[Information shown — start]
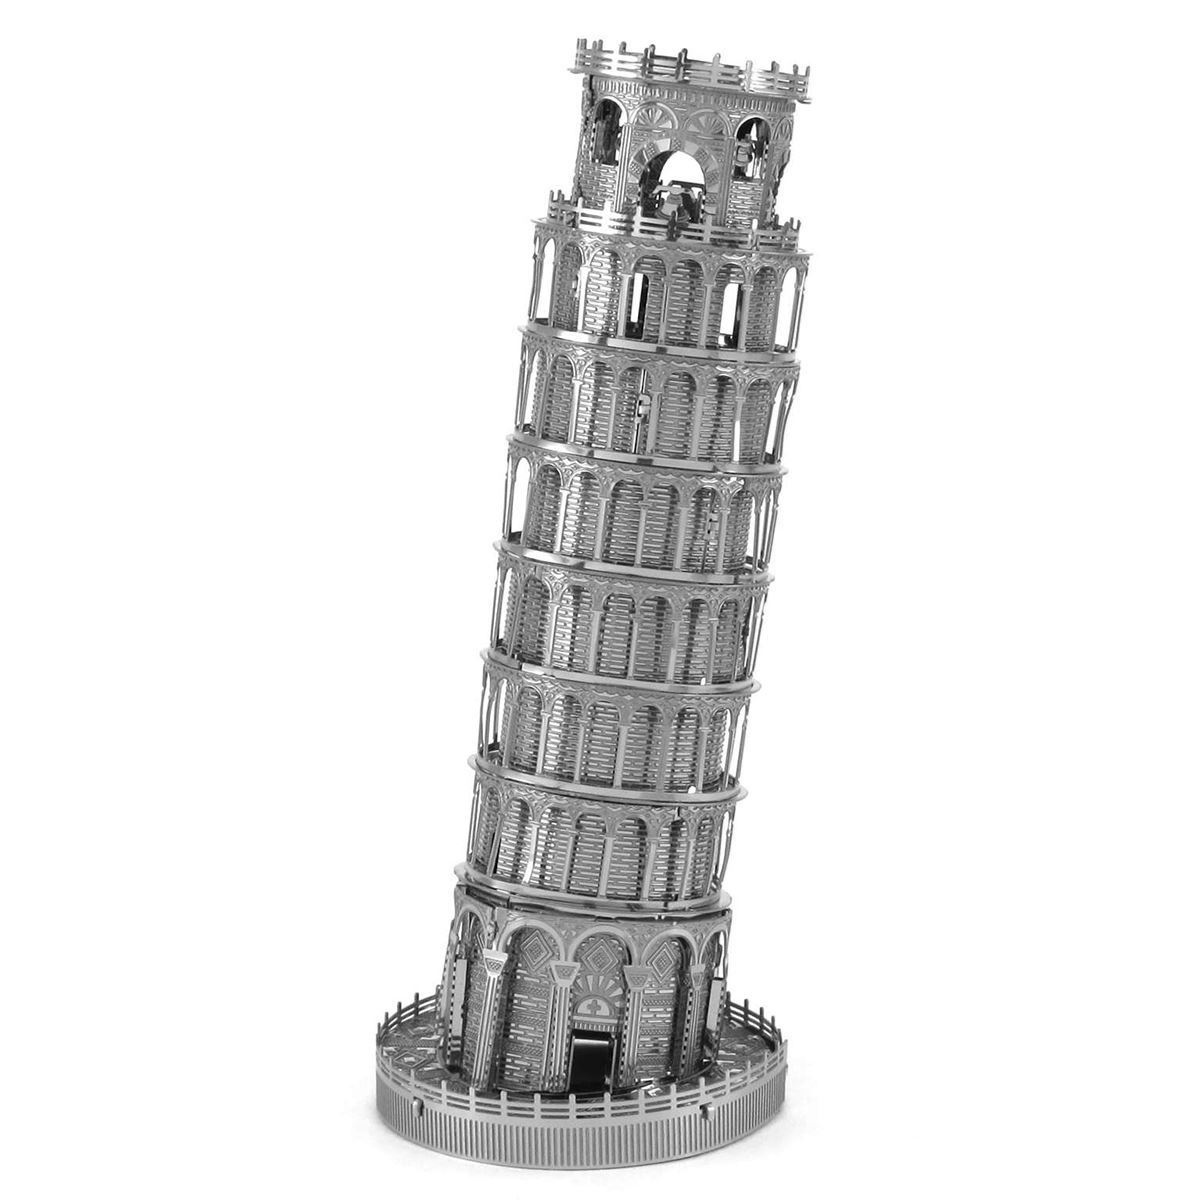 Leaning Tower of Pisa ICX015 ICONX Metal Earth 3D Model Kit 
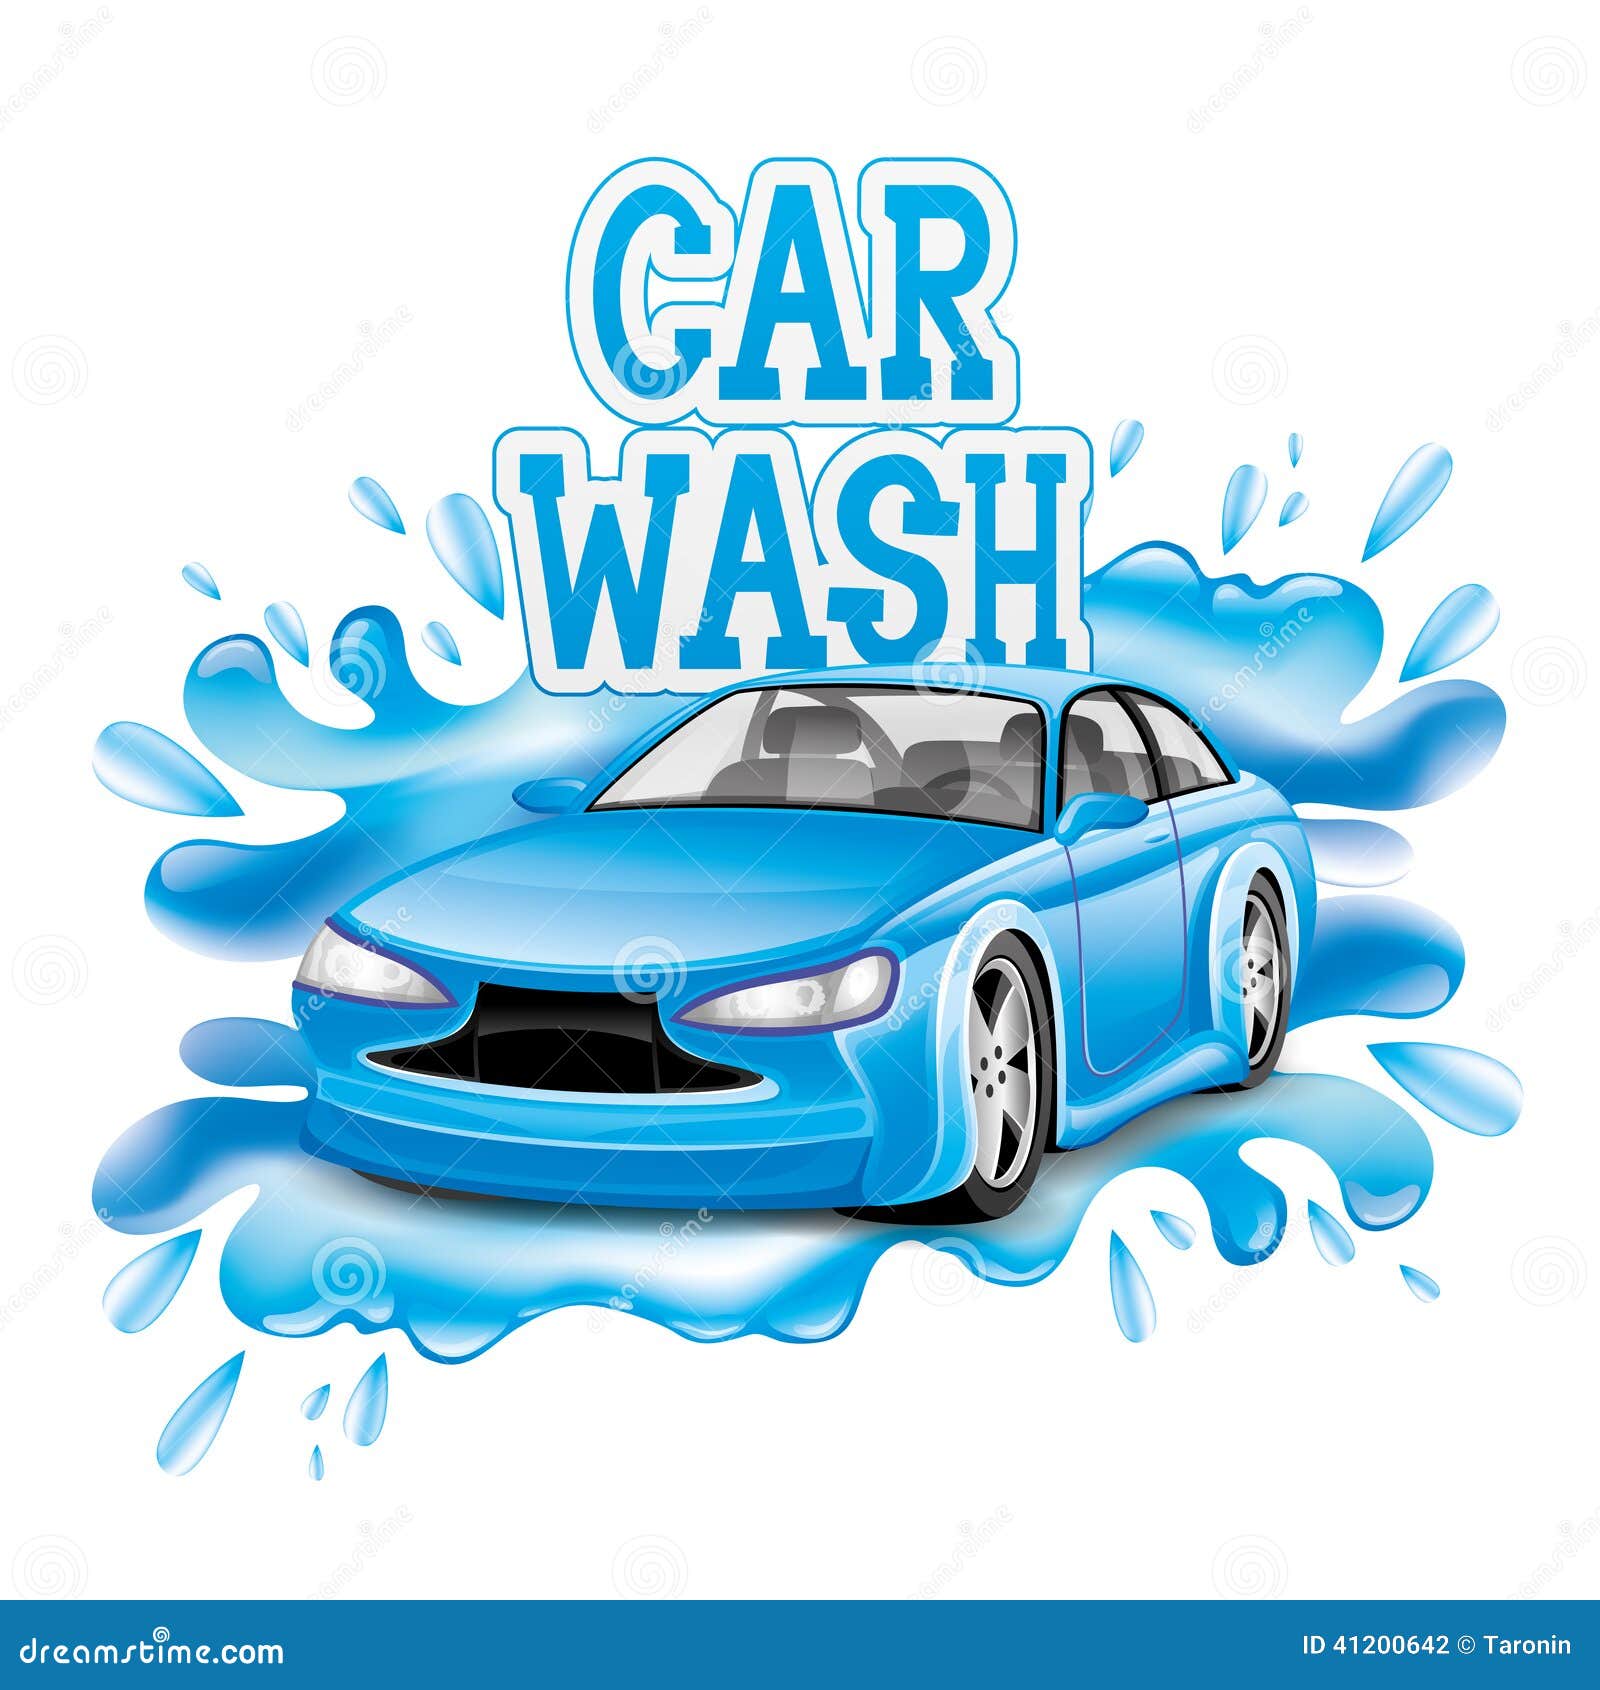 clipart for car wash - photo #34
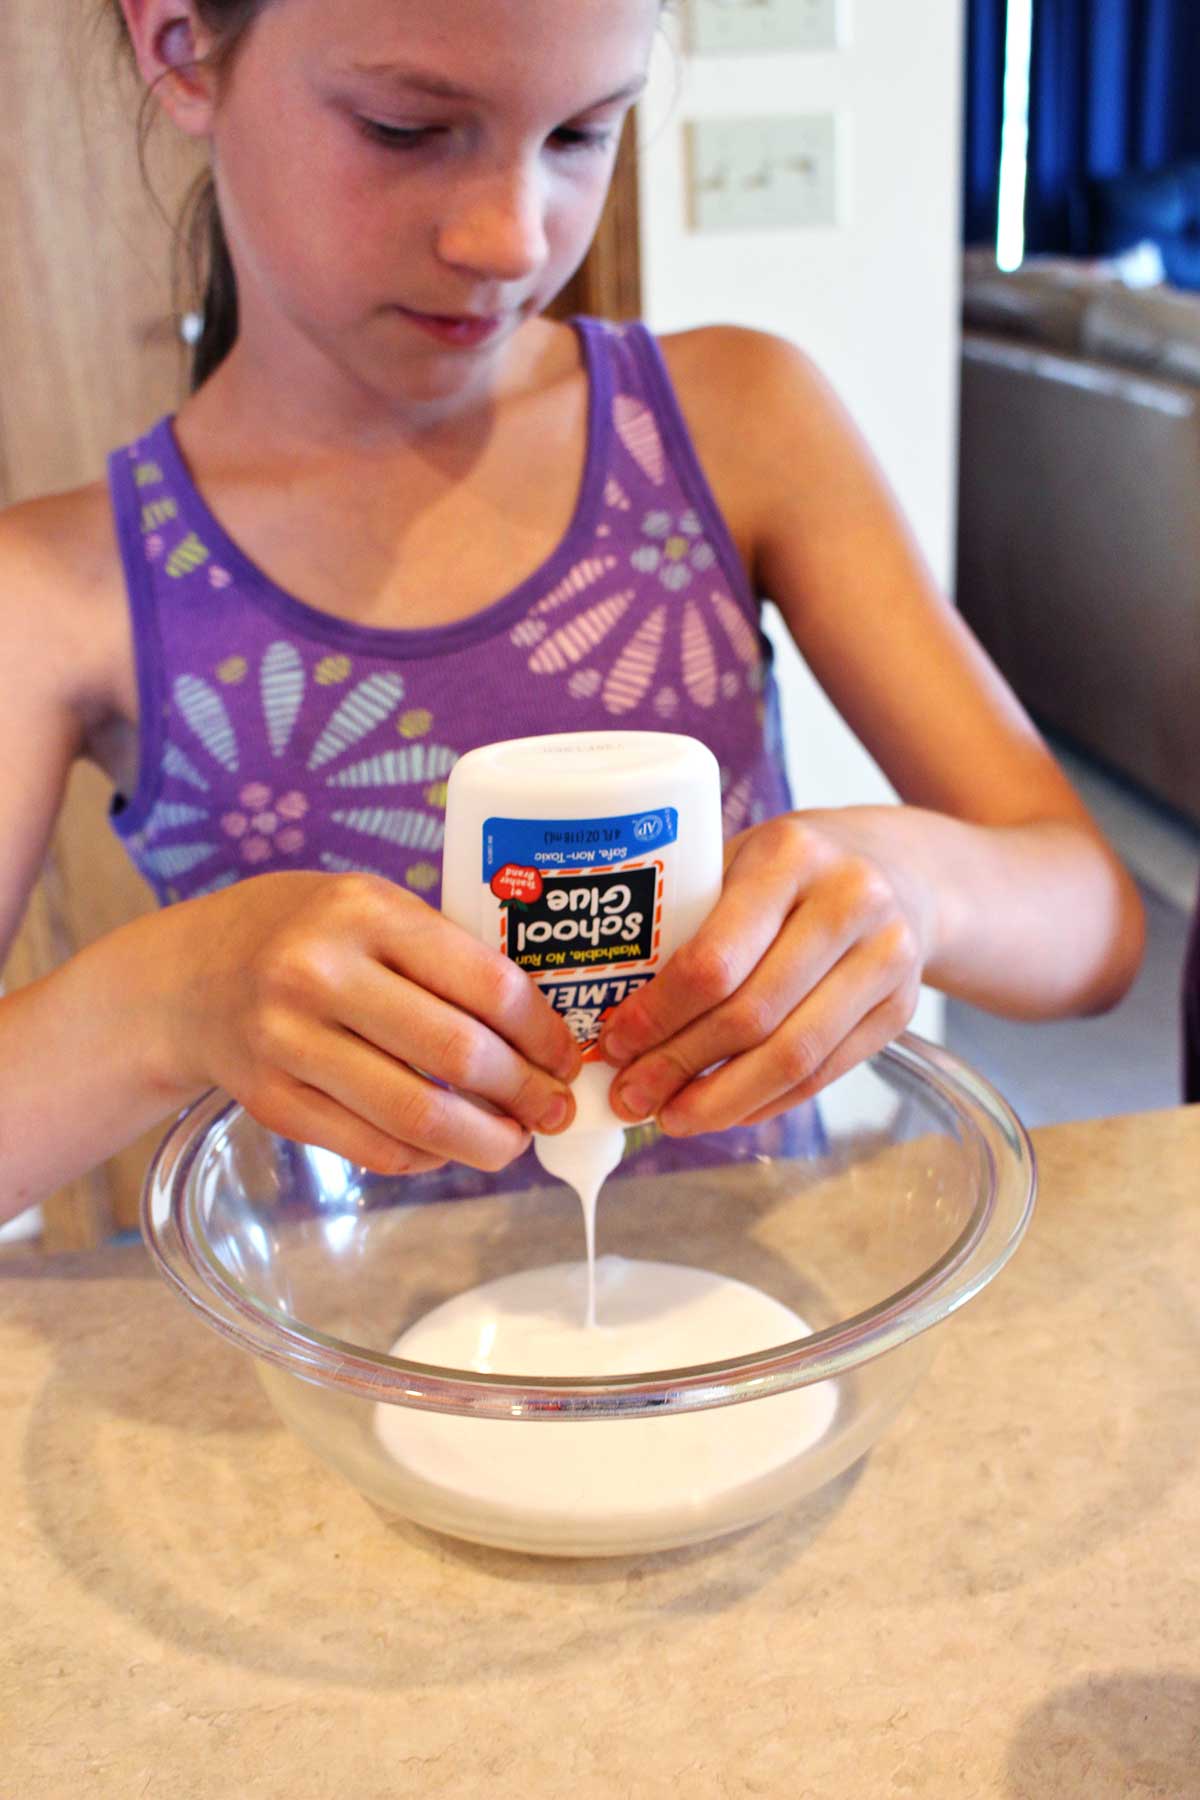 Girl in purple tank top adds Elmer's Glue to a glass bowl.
[Information shown — finish]
Assignment =>
Restate all of the data word for word and include no pictures.

Solution for this problem =>
 Leaning Tower of Pisa ICX015 ICONX Metal Earth 3D Model Kit 
 clipart for car wash - photo #34
 Girl in purple tank top adds Elmer's Glue to a glass bowl.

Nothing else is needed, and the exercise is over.